CVE Lite CLI scans its own dependencies in CI. See self-scan.yml.
For full CI patterns including offline workflows, git hooks, and scripted automation, see the CI and Workflow Integration guide.
No other free tool combines all of the following: lockfile scanning across npm, pnpm, Yarn, and Bun; parent-aware transitive remediation that tells you which package to upgrade (not just which one is vulnerable); fix version validation before suggesting an upgrade; and a fully offline advisory DB for restricted environments.
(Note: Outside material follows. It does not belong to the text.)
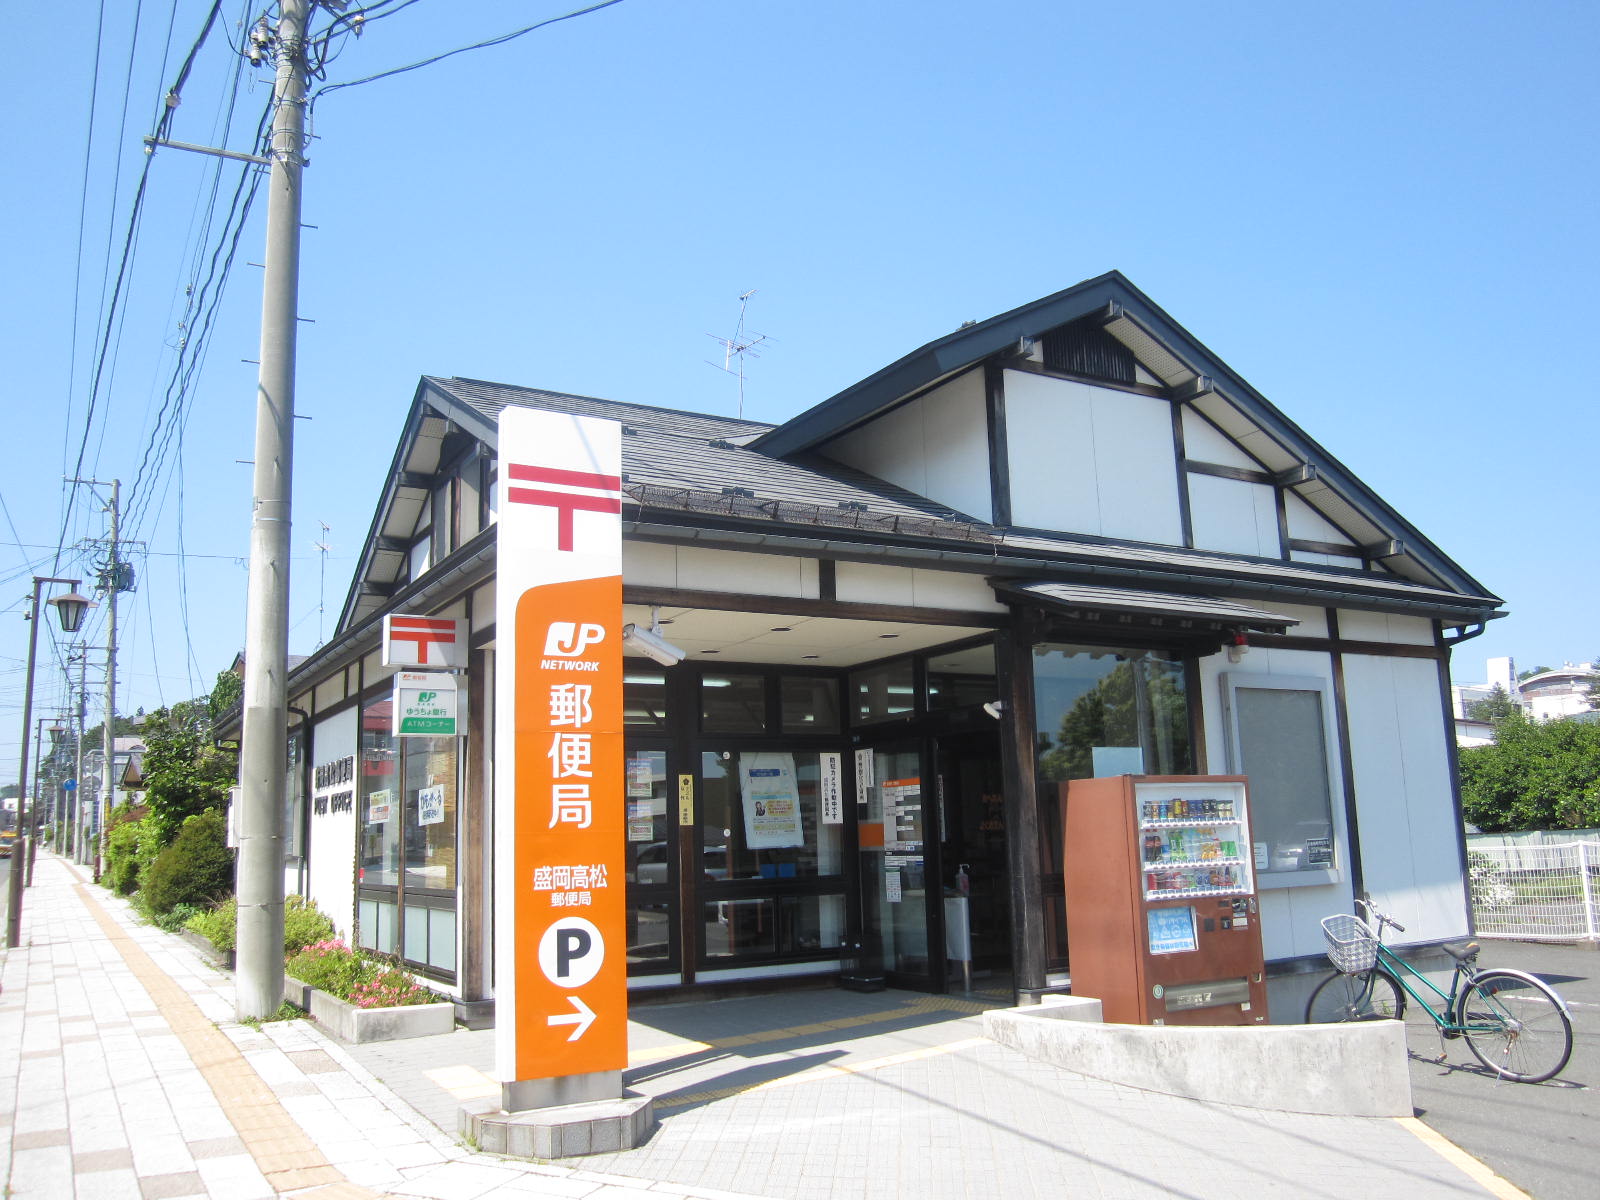 post office. 879m to Morioka Takamatsu post office (post office)

| Capability | CVE Lite CLI | npm audit | OSV-Scanner | Snyk CLI | Socket CLI |
|---|---|---|---|---|---|
| JS/TS lockfile scanning | ✅ | ✅ | ✅ | ✅ | ✅ |
| npm + pnpm + Yarn + Bun support | ✅ | ❌ | ✅ | ✅ | ✅ |
| No account required | ✅ | ✅ | ✅ | ❌ | ❌ |
| Free to use | ✅ | ✅ | ✅ | ❌ | ❌ |
| Usage-aware reachability scanning | ✅ | ❌ | ❌ | ✅ | ⚠️ |
| Direct vs transitive visibility | ✅ | ⚠️ | ✅ | ✅ | ✅ |
| Dev vs runtime dependency labelling | ✅ | ⚠️ | ❌ | ⚠️ | ❌ |
| Copy-and-run fix commands | ✅ | ❌ | ❌ | ✅ | ⚠️ |
| Transitive parent update guidance | ✅ | ❌ | ⚠️ | ⚠️ | ⚠️ |
| Suggested remediation plan | ✅ | ❌ | ⚠️ | ✅ | ⚠️ |
| Ratcheting mode (baseline suppression) | ✅ | ❌ | ❌ | ⚠️ | ❌ |
| Interactive HTML report | ✅ | ❌ | ❌ | ✅ | ❌ |
| SARIF / GitHub Code Scanning output | ✅ | ❌ | ✅ | ✅ | ❌ |
| JSON output | ✅ | ✅ | ✅ | ✅ | ✅ |
| Offline/local advisory DB | ✅ | ❌ | ⚠️ | ❌ | ❌ |
| Override hygiene auditing | ✅ | ❌ | ❌ | ❌ | ❌ |
✅ = built-in strength · ⚠️ = partial or workflow-dependent · ❌ = not a core strength
The transitive parent guidance is a key difference: CVE Lite CLI avoids recommending direct installs for packages that are only present transitively. For npm lockfiles, it can identify when npm update <parent> is enough to re-resolve a known non-vulnerable child within the current parent range, and when the parent package itself needs an upgrade.
Socket provides deep supply-chain analysis (malware, typosquatting, maintainer risk) but requires a paid account for full features. CVE Lite CLI remains one of the few fully free, offline, and account-free options with strong transitive analysis.
For detailed per-tool analysis, see Comparison with other tools.
CVE Lite CLI has been evaluated against real open-source projects to verify that it surfaces meaningful issues — including non-obvious transitive vulnerabilities and complex upgrade paths — not just low-signal advisory matches.